The central focus for the worship of God was the great Temple at Jerusalem, and male Jews were required to visit the Temple three times a year, at the times of the major festivals, although in practice the diaspora of Jews throughout the ancient world had made this impossible for many. The Temple was staffed by a large class of priests, perhaps some 20,000 in total, if the assistant priests, the Levites, are included. The priesthood was an important and influential class—it was said that the Jewish revolt of A.D. 66 broke out at the moment when the priests refused to accept any more sacrifices on Rome’s behalf. The priests alone had the right to sacrifice (on behalf of themselves and those who had come to the Temple as penitents). They took it in turns to officiate in the Temple, but all would be on duty there during the major festivals. The Temple had recently been rebuilt in magnificent style by Herod the Great, but in the eyes of many Jews the Temple elite had compromised itself in accepting the patronage of Herod and, after his death, through acquiescing in Roman imperial control.

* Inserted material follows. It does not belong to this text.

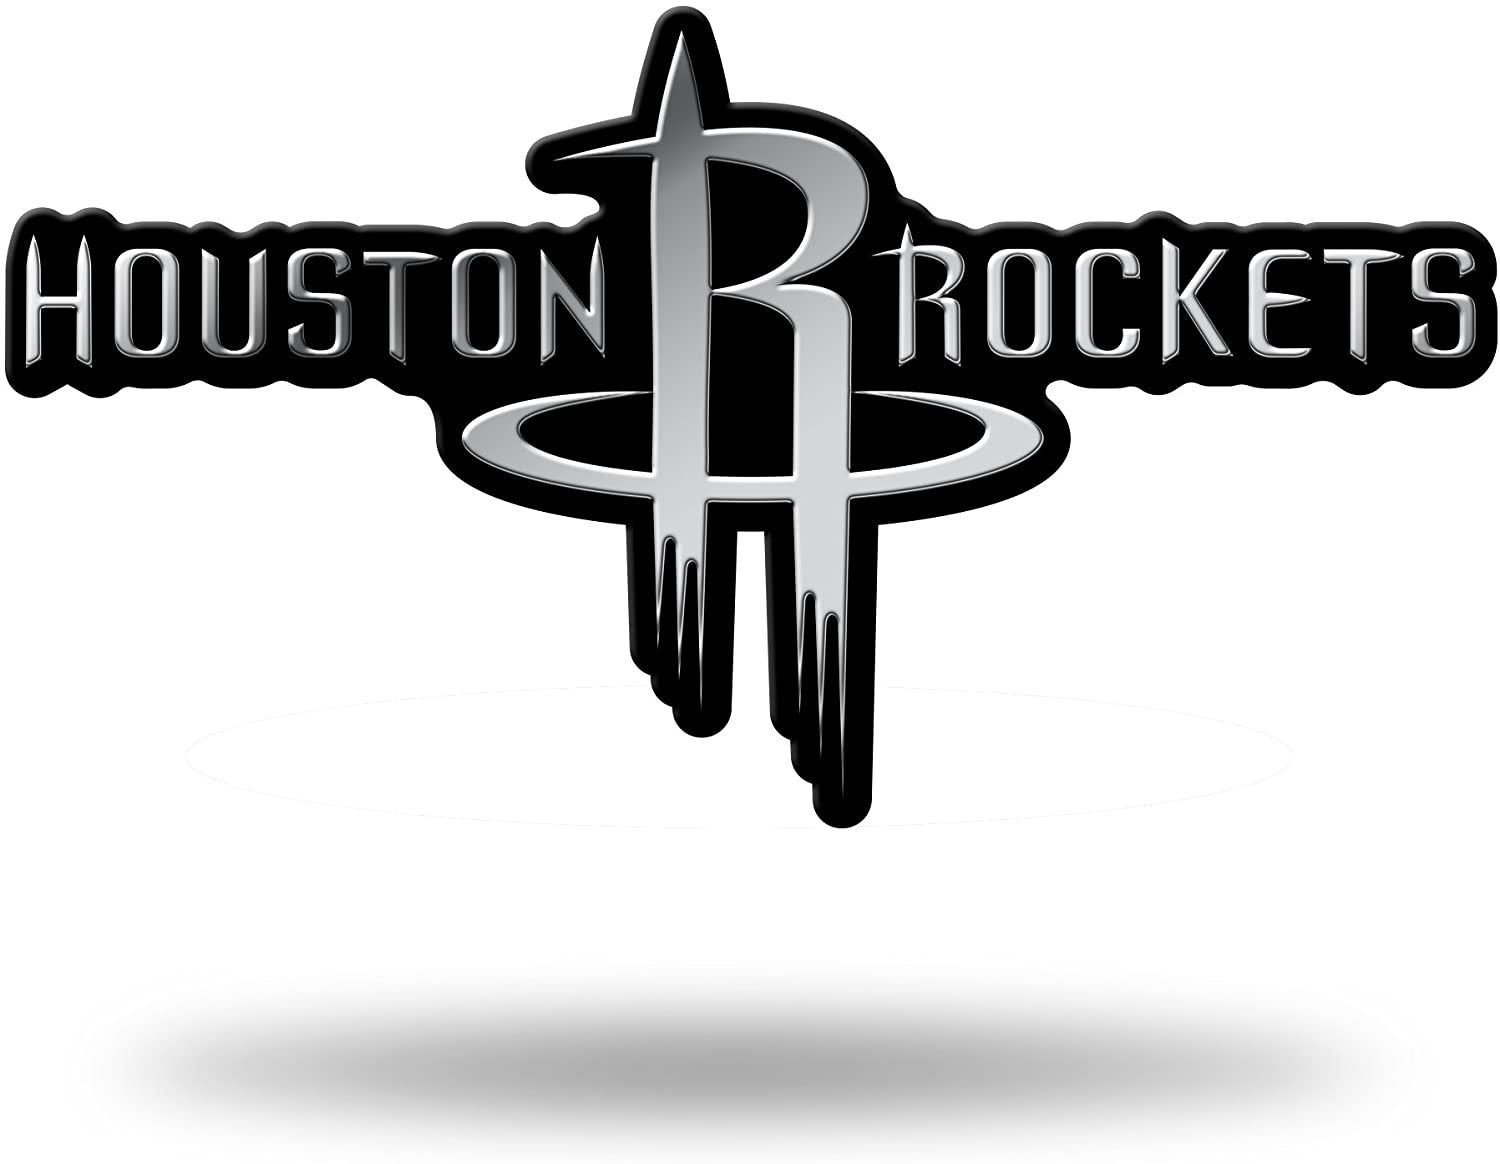 Houston Rockets Silver Chrome Color Auto Emblem, Raised Molded Plastic, 3.5 Inch, Adhesive Tape Backing
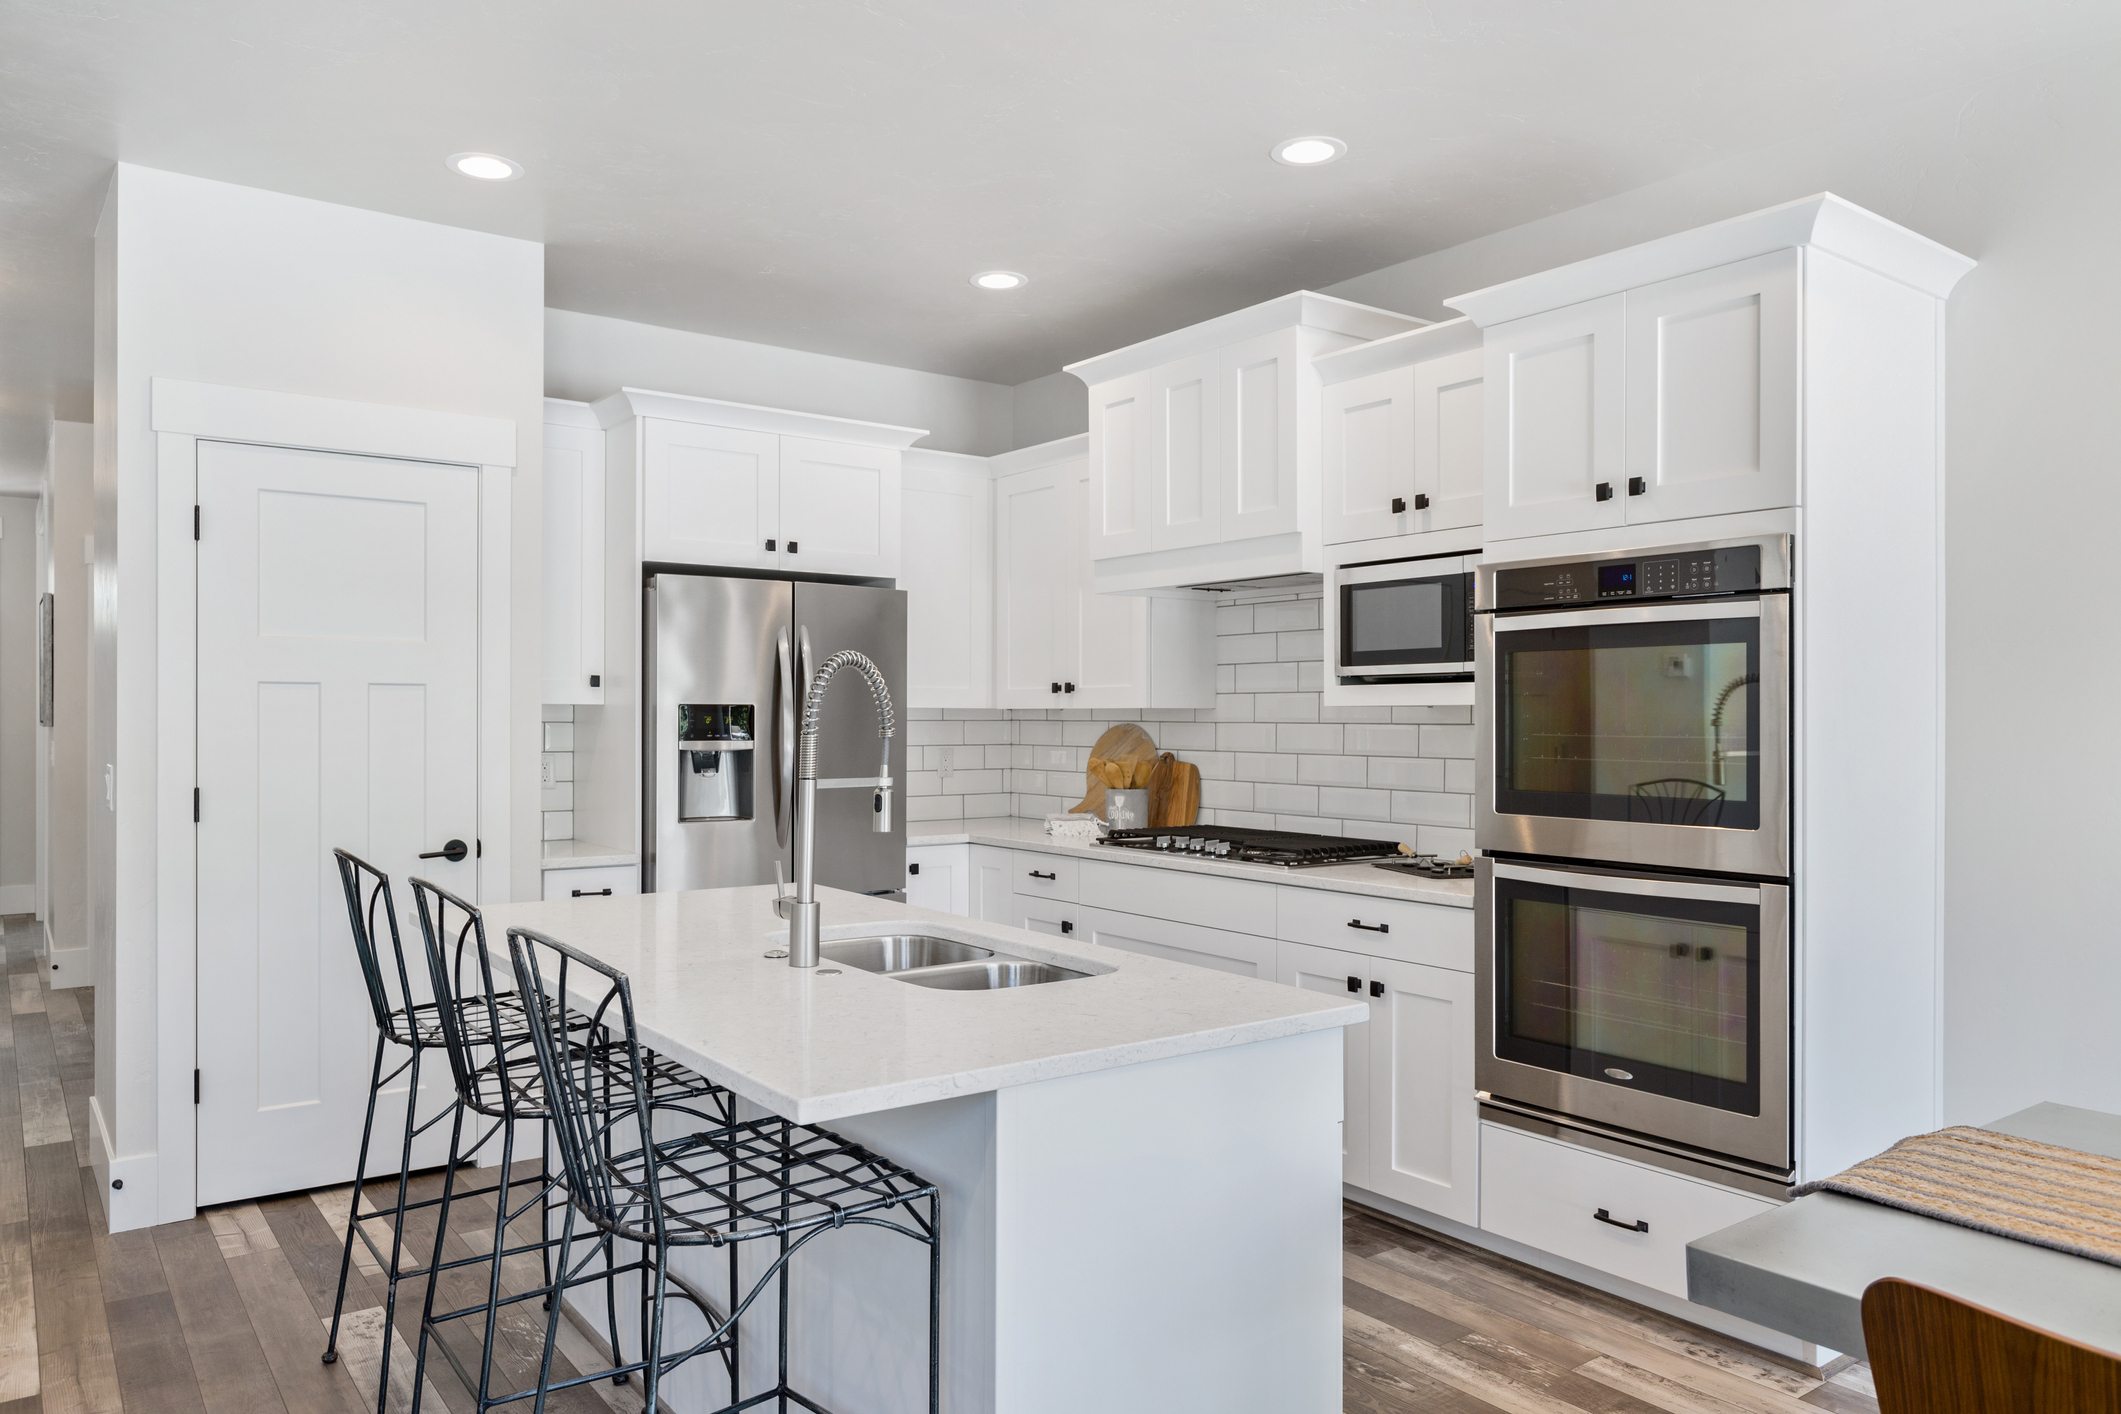 granite countertops and cabints in a kitchen are white

Because the Law was so fully set out in the Hebrew scriptures, most Jews knew its requirements well. There were, however, groups such as the Pharisees, who had originated in the second century B.C. and who may have numbered some 6,000 in Herod’s day, who had made their own interpretations of how the Law should be observed. They studied it intensively and insisted on its strict observance. One particular belief associated with the Pharisees, but not shared by all Jews, was that there was an afterlife and a final resurrection of the bodies of the dead. While the Pharisees had no political power (very few were actually priests) and did not proselytize, they were respected for their beliefs. Nevertheless, it was natural that they would feel threatened by groups or religious leaders who had a more relaxed attitude to the Law than they did or who claimed their own differing interpretation of the Law. Another group with distinctive beliefs, in this case that there was no afterlife, were the Sadducees, who were essentially conservative in their support of traditional priestly ritual and appear to have been well represented in the aristocratic priesthood. (This was one reason why they came into conflict with groups such as the Pharisees, who threatened to take the interpretation of the Law both outside the priesthood and also outside of Jerusalem.)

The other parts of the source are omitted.